Growing up, Joe became parentless when his mother abandoned him, and he grew up in a group home where he was profoundly mistreated by the other boys in the house. From an early age, Joe didn’t learn how to develop a positive attachment style due to his abandonment and mistreatment, which led to the development of narcissism, antisocial personality disorder and post-traumatic stress disorder. Narcissism is often a protective mechanism that stems from abuse and feeling unimportant.

It can be inferred that because Joe was abandoned by his mother, but continued to hold her in high regard, he developed an unhealthy outlook on love and developed toxic codependency. Joe’s development of obsessions with different women often leads to violence due to his inability to create and maintain positive relationships, and he often resorts to violence when he feels as though he is being abandoned. He also tends to hold women hostage when he is interested in them,
because he doesn’t know how to form healthy relationships. It can also be seen that Joe’s fear of abandonment leads him to possess anyone he becomes infatuated with out of a fear of unreciprocated feelings.

Season three of “You” is unique in that Joe becomes a father, and we get to see more of his childhood and his insecurities in becoming a parent. After finding out that he is having a son, rather than a daughter like he had hoped, Joe becomes distraught. He fears that he won’t be able to protect his son, Henry, from what he himself was subjected to as a child, and he struggles to form a connection with him. Eventually, Joe finds purpose in keeping Henry safe, and this endeavor becomes a main focus of his.

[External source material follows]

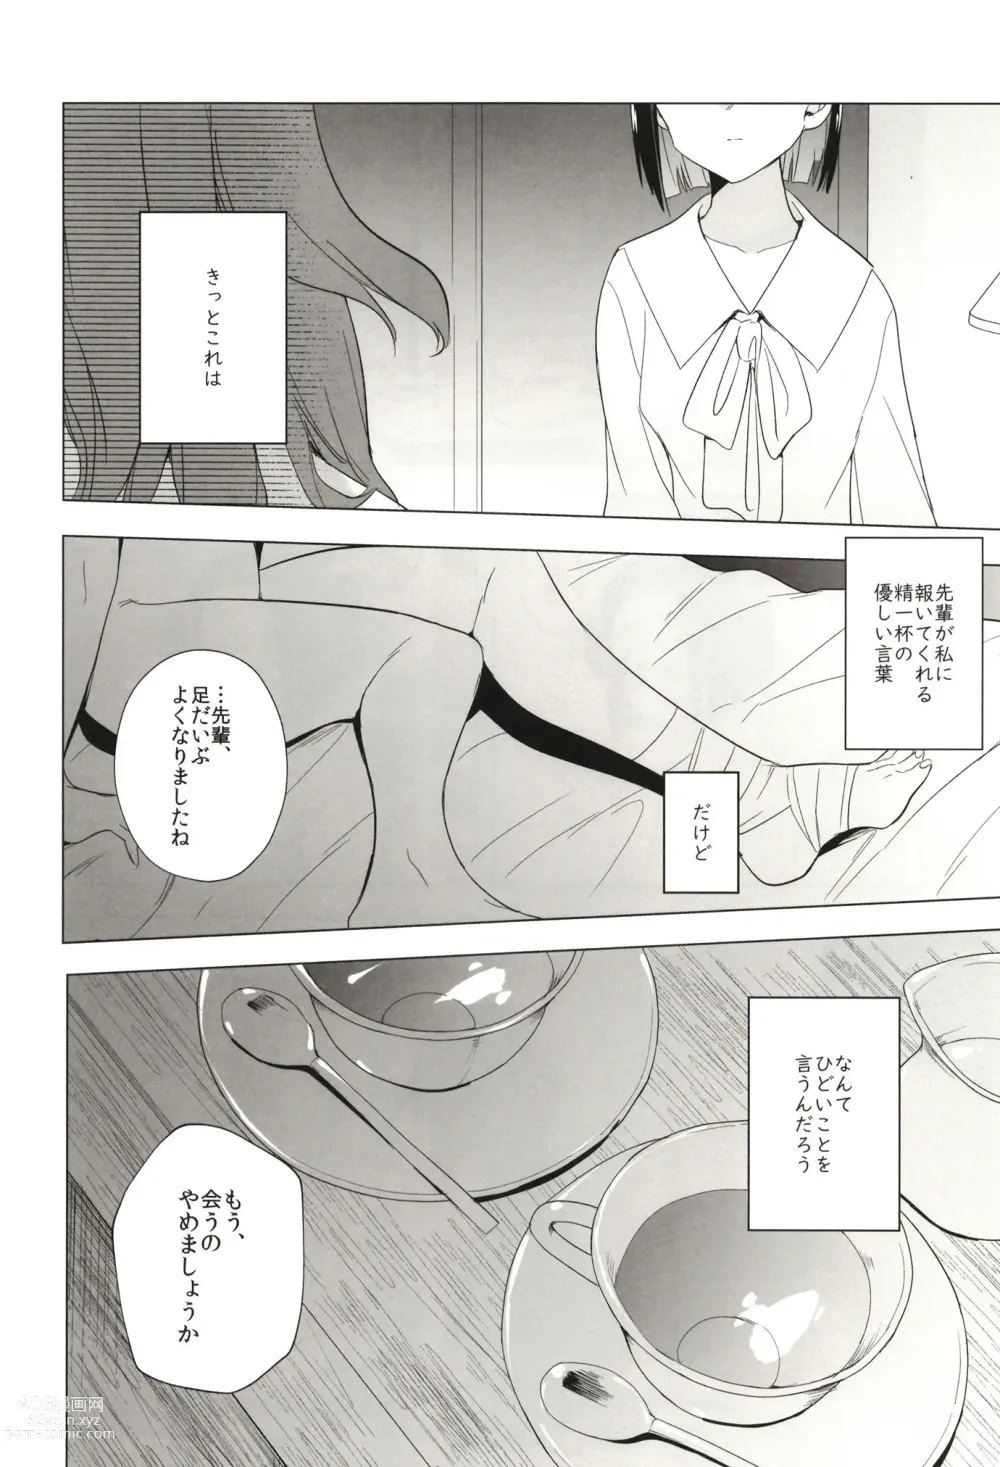 Page 36 of doujinshi Seireki 5000-nen no bouji
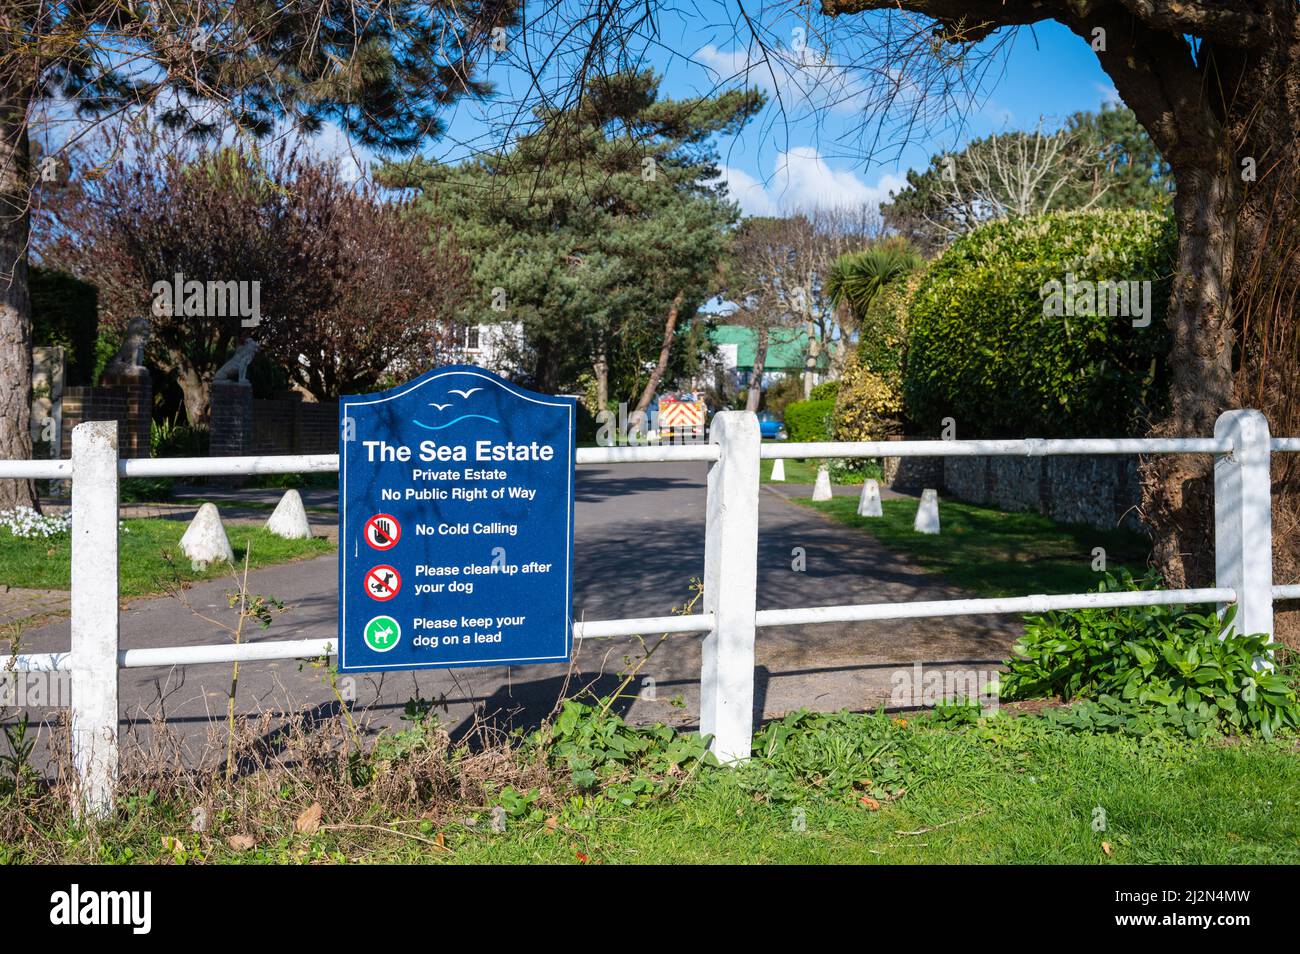 Panneau à l'entrée d'un domaine privé sans droit de passage public dans le domaine de la mer, Rustington, West Sussex, Angleterre, Royaume-Uni. Banque D'Images

Joe meets many relationship challenges in season three with his partner, Love
Quinn, his son and newfound friends, which shows us a different side of
him. He struggles with forming connections, which could be seen as a protective mechanism due to his childhood abuse with other children, but he discovers that he has more of an ability to create relationships than he previously thought. Unfortunately, Joe does become infatuated with numerous new women which leads to more violence and obsessions that take him away from his new family.

Trauma isn’t the primary cause of Joe’s antisocial and narcissistic tendencies, but it does play a big part in the development of such disorders and behaviors. It is time that we take trauma into account when addressing these disorders and see them for what they are: coping mechanisms. Love and connection are primary factors that we often seek, and they are Joe’s primary motivation as well.